**EXERCISE REQUIREMENTS**
Your copy starts at the line containing "suit accessories: the tie" and ends at the last line of the material below. Reproduce those lines exactly, with no pictures.

**RECORDED INFORMATION**

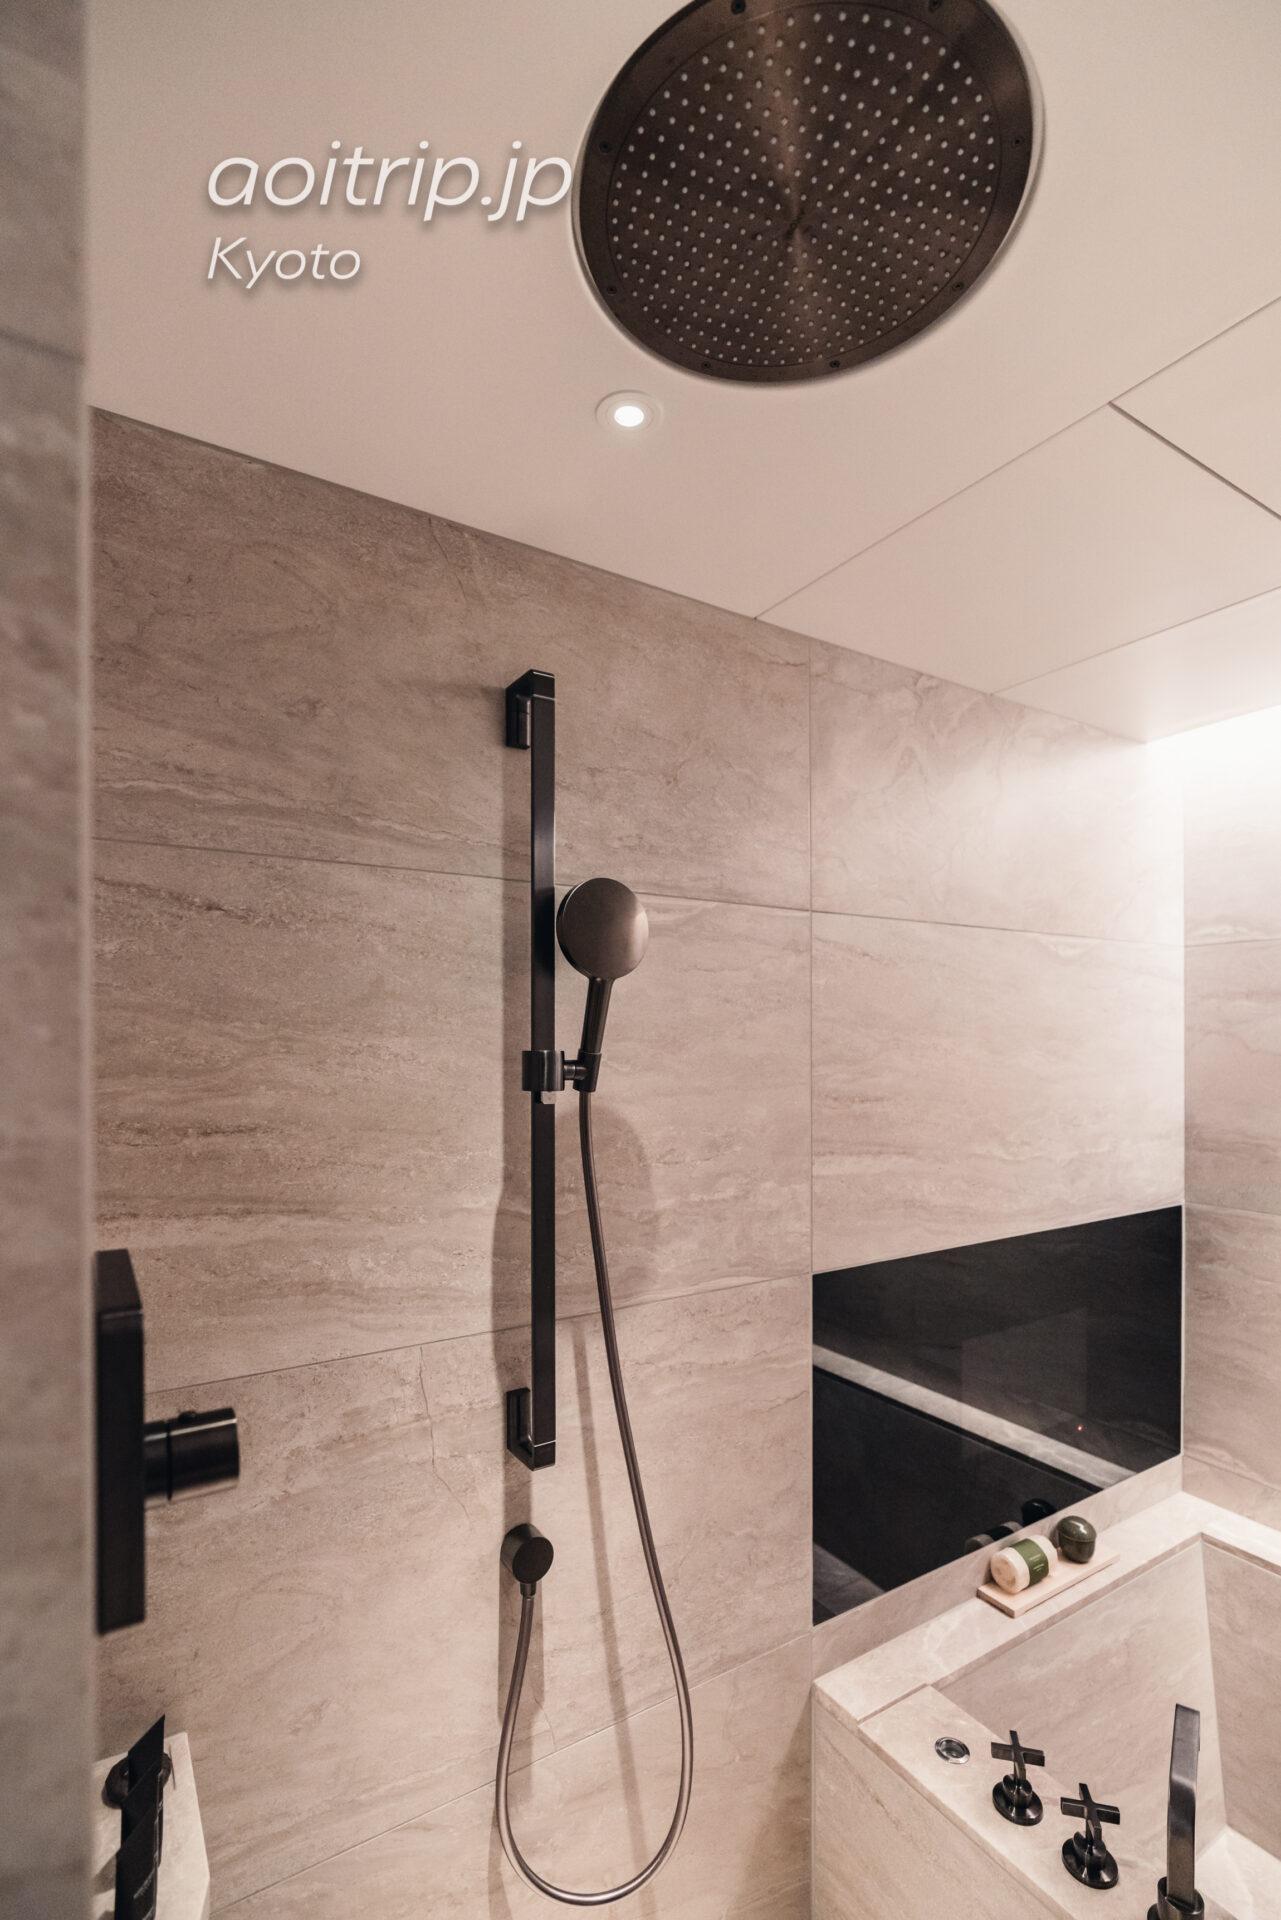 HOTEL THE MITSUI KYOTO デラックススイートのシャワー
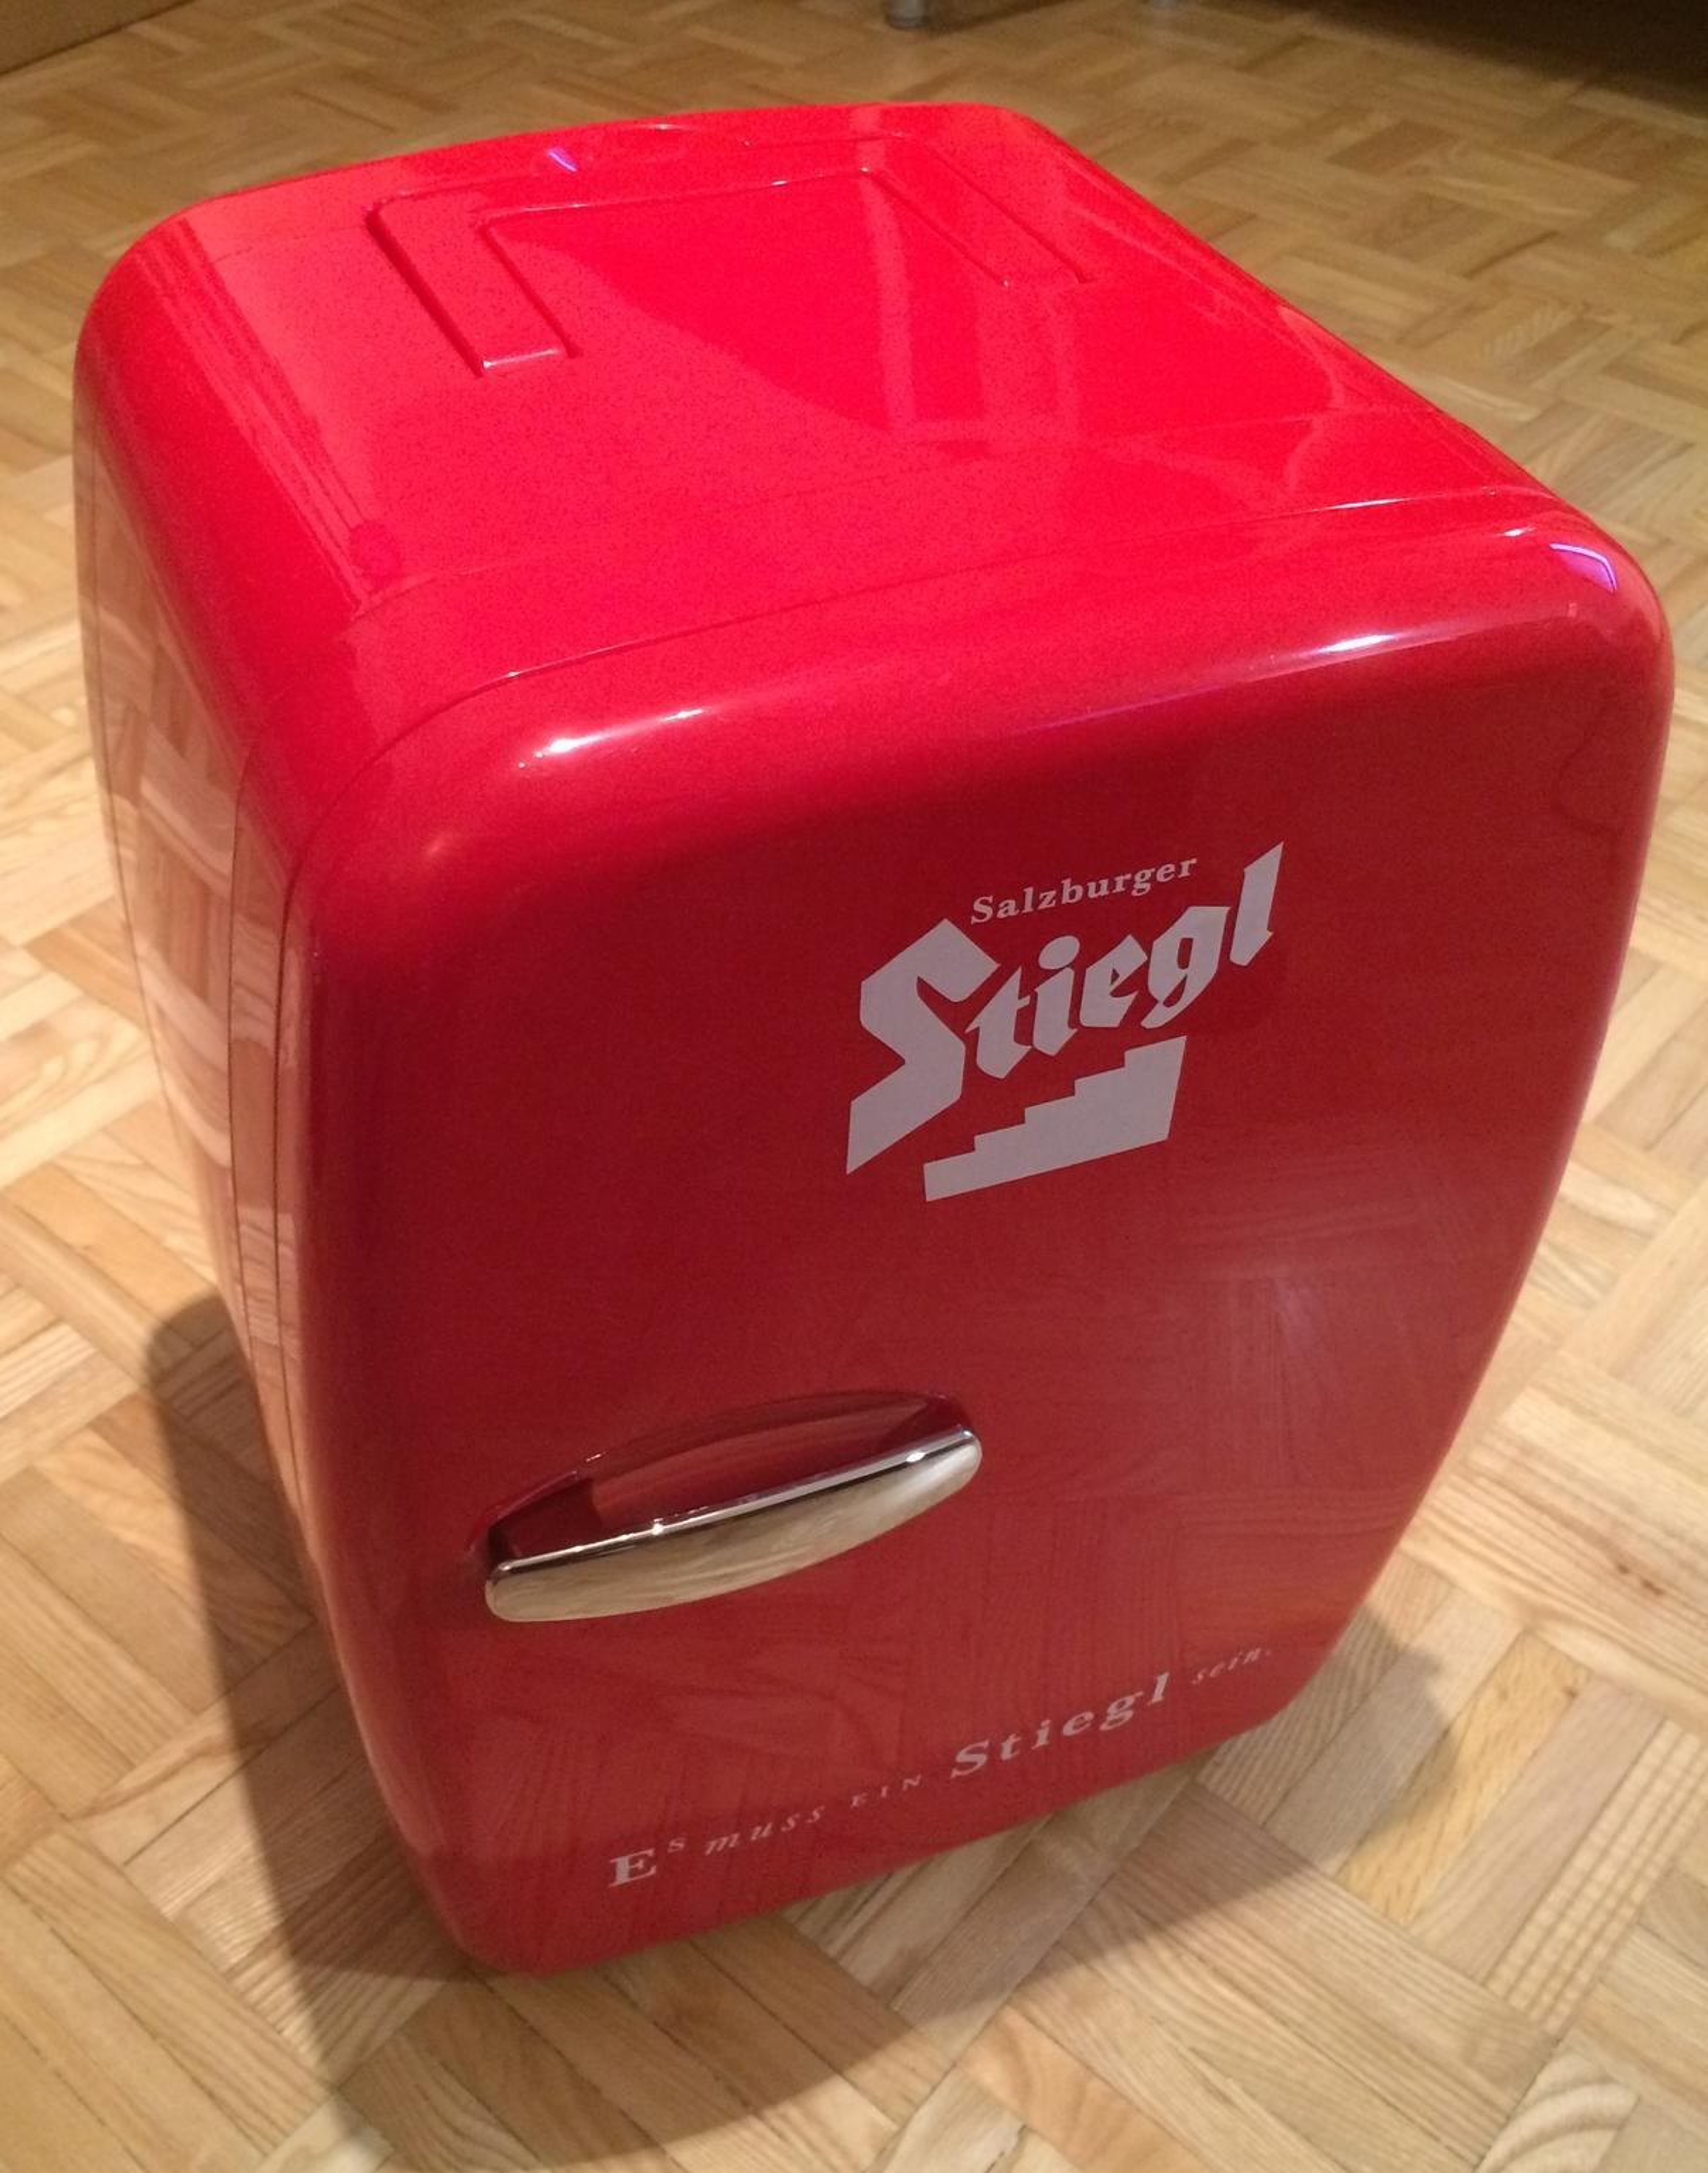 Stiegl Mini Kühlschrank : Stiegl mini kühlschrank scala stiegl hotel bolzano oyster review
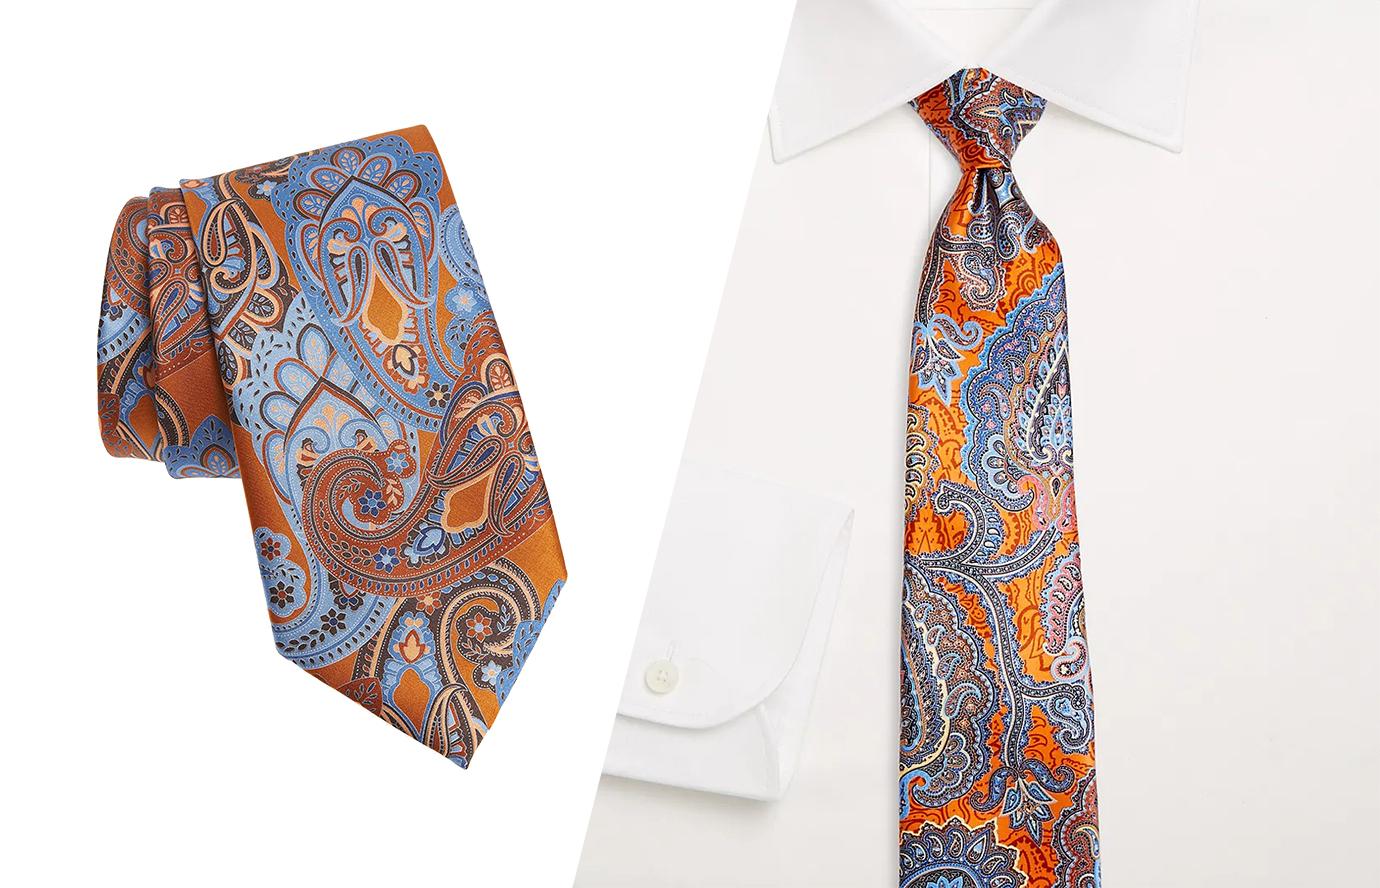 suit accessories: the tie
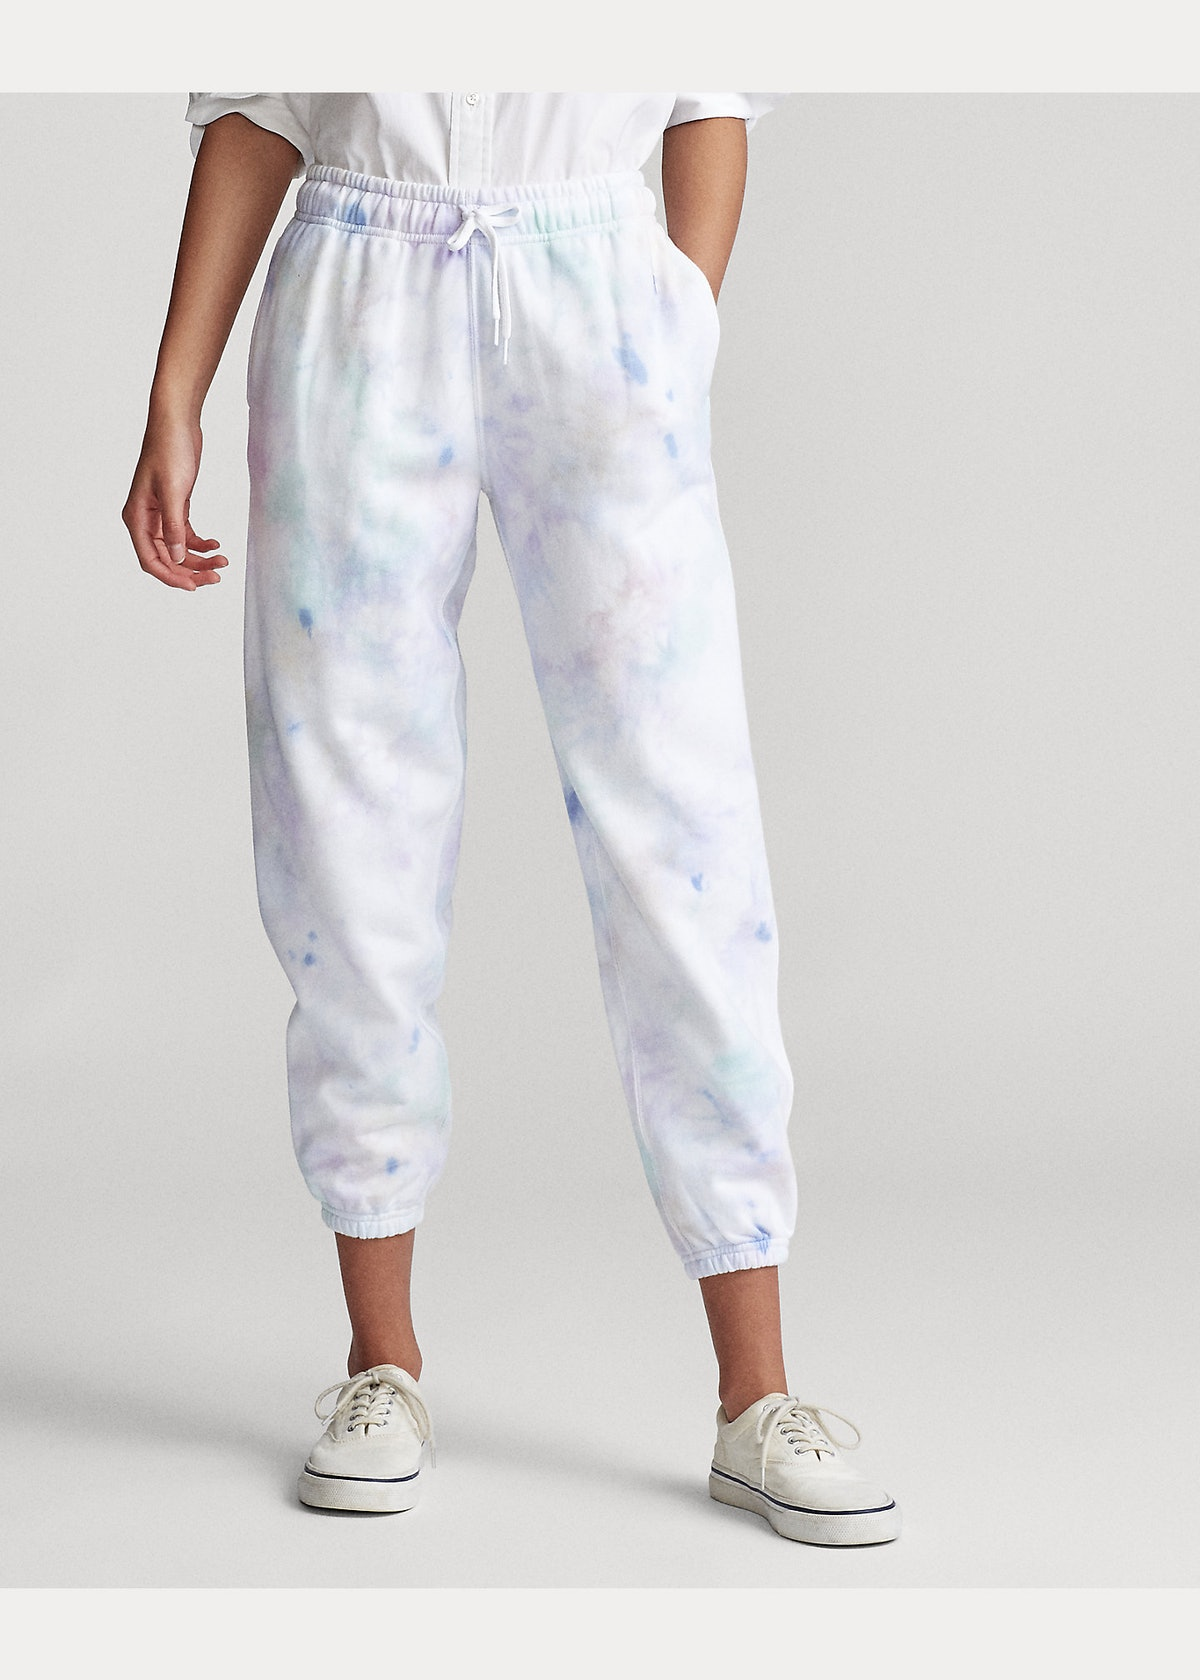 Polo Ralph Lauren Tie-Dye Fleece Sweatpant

**WRITTEN RESPONSE**
 suit accessories: the tie
 Polo Ralph Lauren Tie-Dye Fleece Sweatpant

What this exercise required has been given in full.